Everybody Dance Now was an Australian reality television dance competition that premiered on 12 August 2012 on Network Ten. The show was produced by FremantleMedia Australia, and hosted by Sarah Murdoch.

Everybody Dance Now was open to solo acts, duos and groups of any age, style or size. They were divided into two teams, with each being led by the dance masters Jason Derülo and Kelly Rowland, who would "challenge, train and mentor" their acts. The teams faced a studio audience in each episode "to do battle in a colosseum-style dance duel." During the heats stage of the competition, eight acts would perform in each episode, with two acts winning $10,000 and progressing through to the finals to compete for the ultimate prize of $250,000.

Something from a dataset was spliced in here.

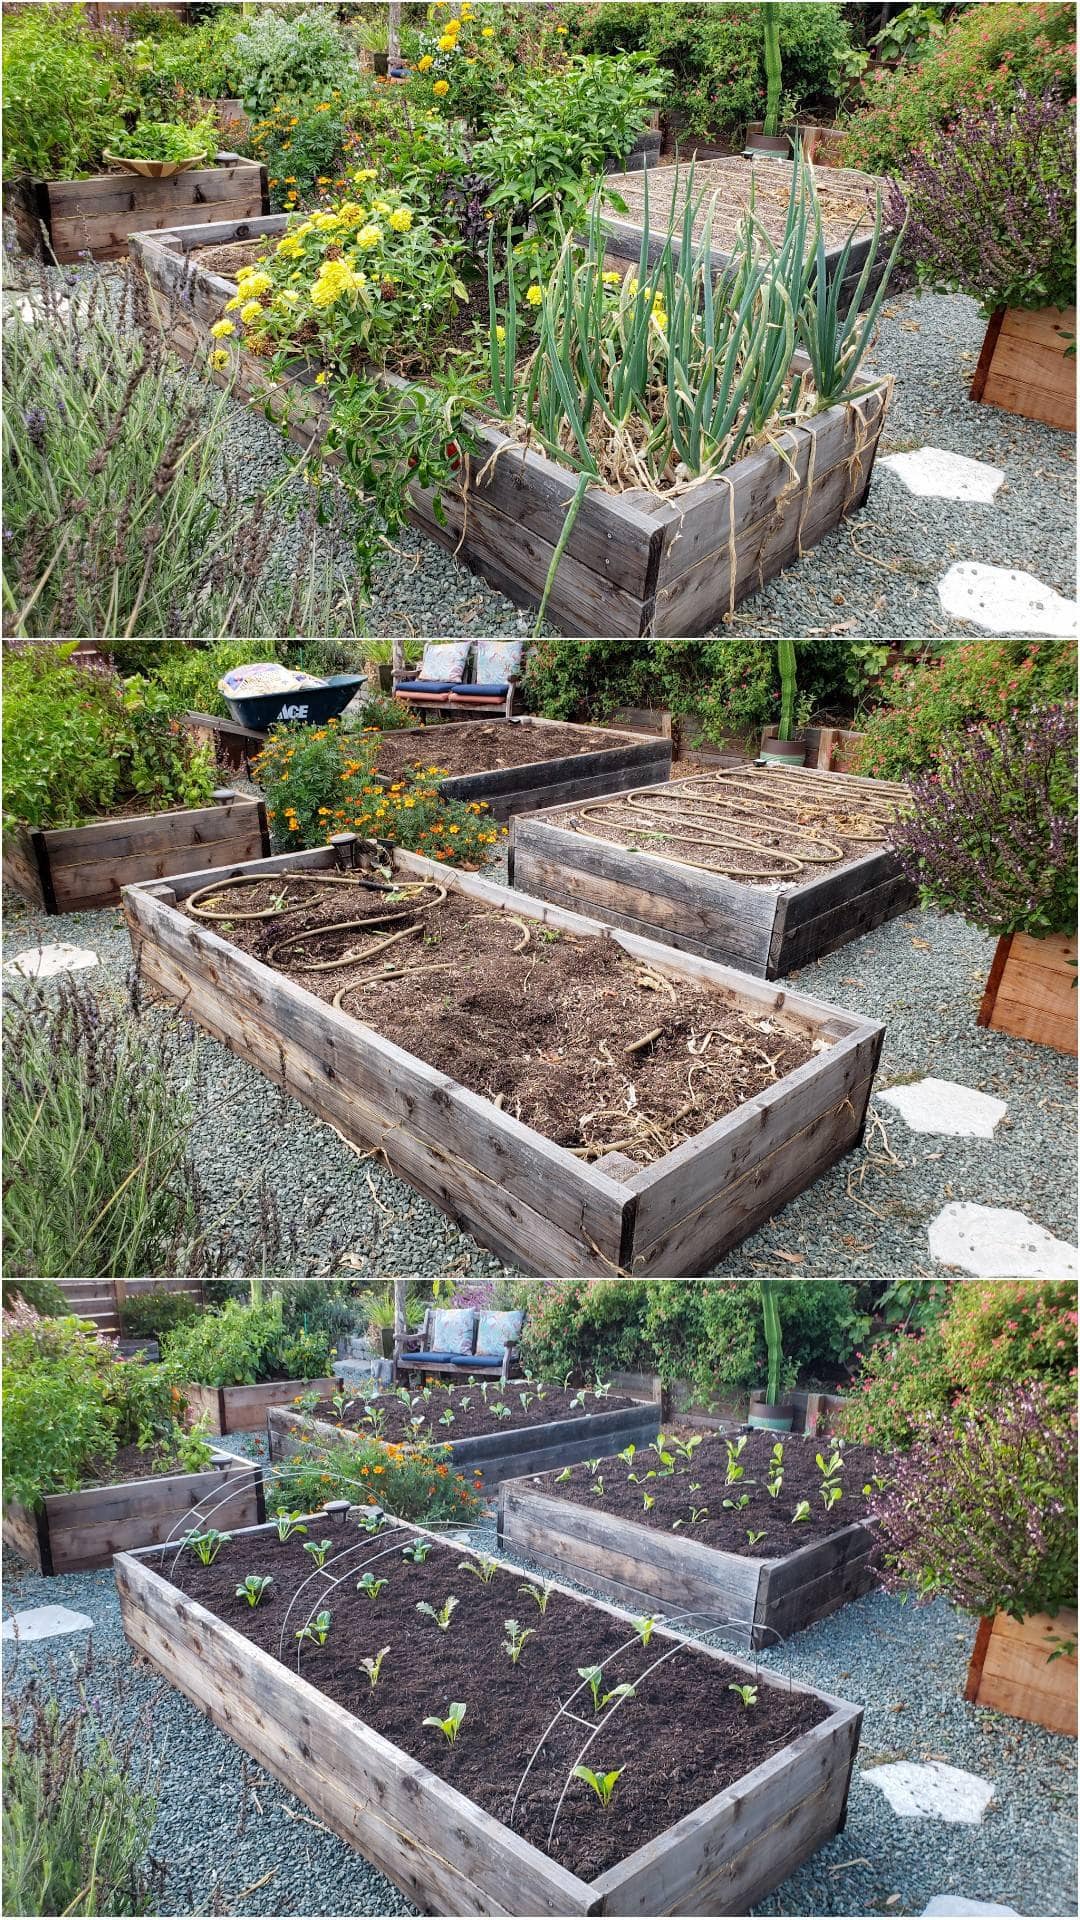 A three part image collage, the first image shows a number of garden beds, most of them are full of mature plants that are still producing fruit. There are various pollinator plants planted throughout the area as well. The second image shows the same garden beds, however, all of them are now empty except one. There are soaker hoses sitting in two of the three beds and some of the soil looks disturbed from removing the plants. The third image shows the same garden beds after being re-amended with fertilizer and fresh compost. The garden beds have also been planted out with tender young seedlings, spaced in neat rows, all standing up perky, pointing towards the sun.

On 21 August 2012, as ratings were dwindling, Network Ten considered changing the weekly schedule for the show, from three half-hour episodes to one full hour episode a week, but when those plans fell through, it decided to cancel the show due to poor ratings. The prize money was then donated to charity.

Overview

Format
Everybody Dance Now consisted of two phases: heats and finals. The show was open to dancers of all ages and styles, who were divided into two teams, with each being taken under the guidance of big name entertainment celebrities known as the dance masters, to do battle in a colosseum-style duel. During the heats stage of the competition, eight acts would perform during each episode in four duels. Once each duel was complete, the studio audience would vote for the act they think should progress through to the dance duel decider round. During this round, the studio audience would vote again for the two acts they think should win $10,000 and progress through to the finals. During the finals, dance acts would compete for the ultimate prize of $250,000. But there turned out to be no finals, and of course, no winners, due to the show's cancellation.

Production
Everybody Dance Now was filmed at a location in Melbourne with a live studio audience.

Series summary

International versions

References

Network 10 original programming
2010s Australian reality television series
2012 Australian television series debuts
2012 Australian television series endings
Everybody Dance Now
Dance competition television shows
English-language television shows
Television series by Fremantle (company)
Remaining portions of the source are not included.